ACS superstructures with the following parameters are available at the Institute:

LF-ACS: 10 Hz - 10 kHz, ac field amplitude: 560 µT

HF-ACS: 200 Hz - 1 MHz, ac field amplitude: 95 µT

Fluxgate-based ACS: 0.1 Hz - 9 kHz, ac field amplitudes: up to 9 mT, additionally dc magnetic fields up to 9 mT can be applied parallel or perpendicular to the ac field.

All ACS systems were calibrated with Dy2O3 powder samples so that the susceptibility can be measured absolutely.

The basic sequence of an MRX measurement is shown in the picture on the right. Without an external magnetic field, the superparamagnetic nanoparticles show no measurable magnetic signal. If an external magnetic field Hmag is applied, the magnetic nanoparticles align themselves and the sample shows a measurable magnetic signal. If the magnetic field is switched off again, the magnetic signal of the nanoparticles drops back to zero. This so-called relaxation of the magnetic signal depends on the size of the nanoparticles. If the nanoparticle is in a liquid, it can rotate as a whole. This process is known as Brown relaxation and is characterised by the Brown time constant tB. Large nanoparticles rotate slowly, while small ones rotate quickly. However, if the nanoparticle cannot rotate, e.g. by embedding it in a sugar matrix or by binding it to a surface or a large target, the internal magnetisation of superparamagnetic particles can flip back and forth. This process is called Néel relaxation. The associated time constant tN depends exponentially on the volume of the magnetic particle core. If both mechanisms are possible, the one with the shorter time constant dominates. The accessible range of time constants is limited by the switch-off time of the magnetisation field and the bandwidth of the sensors.

Measurement parameters: Time window: 300 µs - several seconds, pulse amplitudes: up to 2 mT

As part of a BMBF-funded joint project, we have developed a compact magnetic nanoparticle analyser based on the magnetic relaxometry principle (image below).

In addition to the switched and alternating magnetic field, the rotating magnetic field represents another possibility for the magnetic manipulation of magnetic nanoparticles (MNP), which are dissolved in an aqueous medium and relax according to Brown. Here, the magnetic torque between the rotating magnetic field and the magnetization of the magnetic nanoparticles causes a rotational movement of the particles, which has the frequency of the rotating magnetic field. In the alternating magnetic field, however, the MNP change their orientation according to their magnetic moment and the applied magnetic field in time with the selected frequency without entering a defined rotational movement. The rotational movement of the MNP or the magnetic moment has a phase difference φ to the rotating magnetic field (Figure 1 ), which is mainly caused by the rotational friction between the particle envelope and the medium. The absolute phase angle φ also depends on the frequency and field strength of the rotating magnetic field and on the parameters (temperature, viscosity, charge) of the medium. Thus, by determining the phase angle between the rotating magnetic field and the magnetization of the magnetic nanoparticles, a statement can be made about the ratio of magnetic core to particle shell if the temperature and viscosity of the medium are kept constant. In contrast to the alternating magnetic field, the rotating magnetic field is generated by a 2-axis Helmholtz coil system (Figure 1 ).
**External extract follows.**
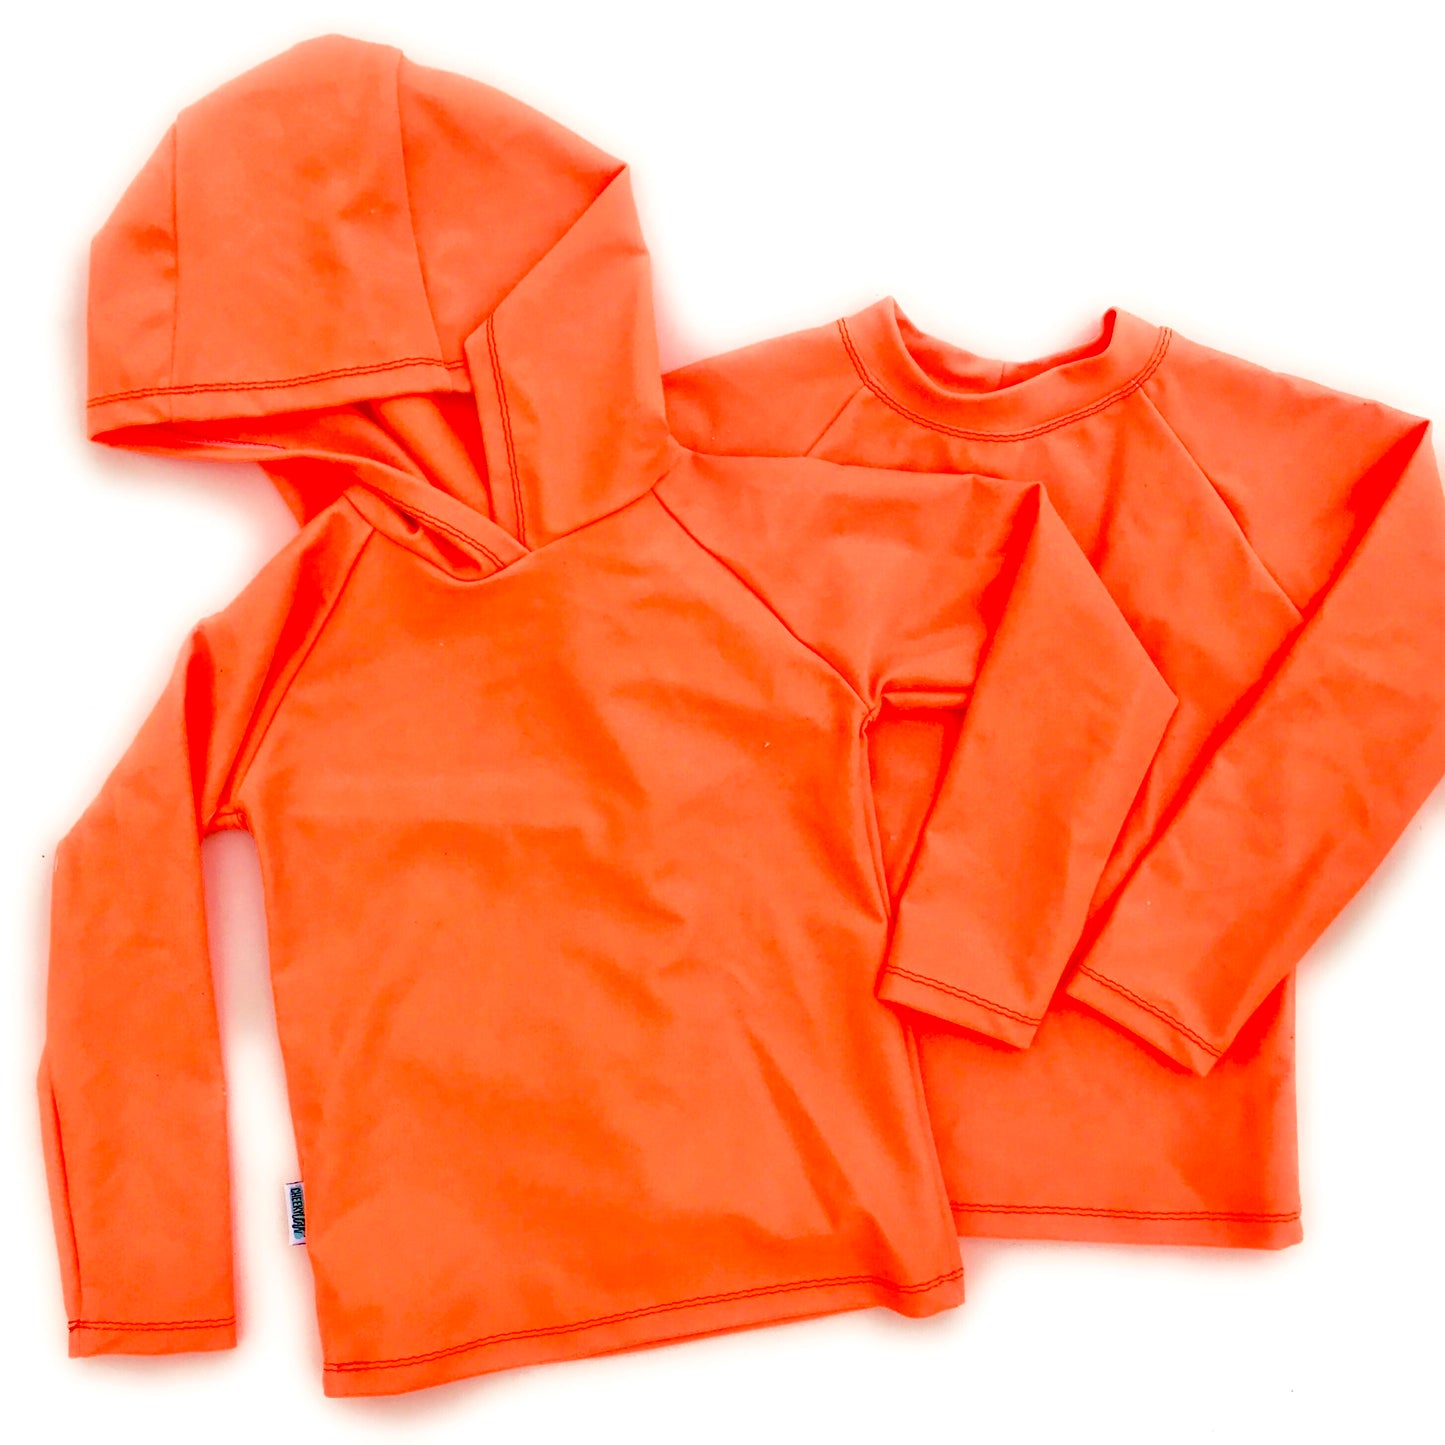 Cheeky Cloth Neon Orange Rashguard

The principle dependence of the phase angle φ on the frequency and field strength of the rotating magnetic field is illustrated in Figure 2 using the example of an aqueous suspension of iron oxide particles with a hydrodynamic diameter (particle including shell) of 120 nm. It can be clearly seen that an increasing frequency causes an increase in the phase angle, whereas a higher field strength reduces the phase angle. In the case of the alternating magnetic field, a phase angle for the fundamental frequency of the manipulating magnetic field can be determined analogue to the rotating magnetic field, which has a significantly lower dependence on the field strength in comparison. This becomes clear from the smaller spread of the blue curves (ACF) in Figure 2.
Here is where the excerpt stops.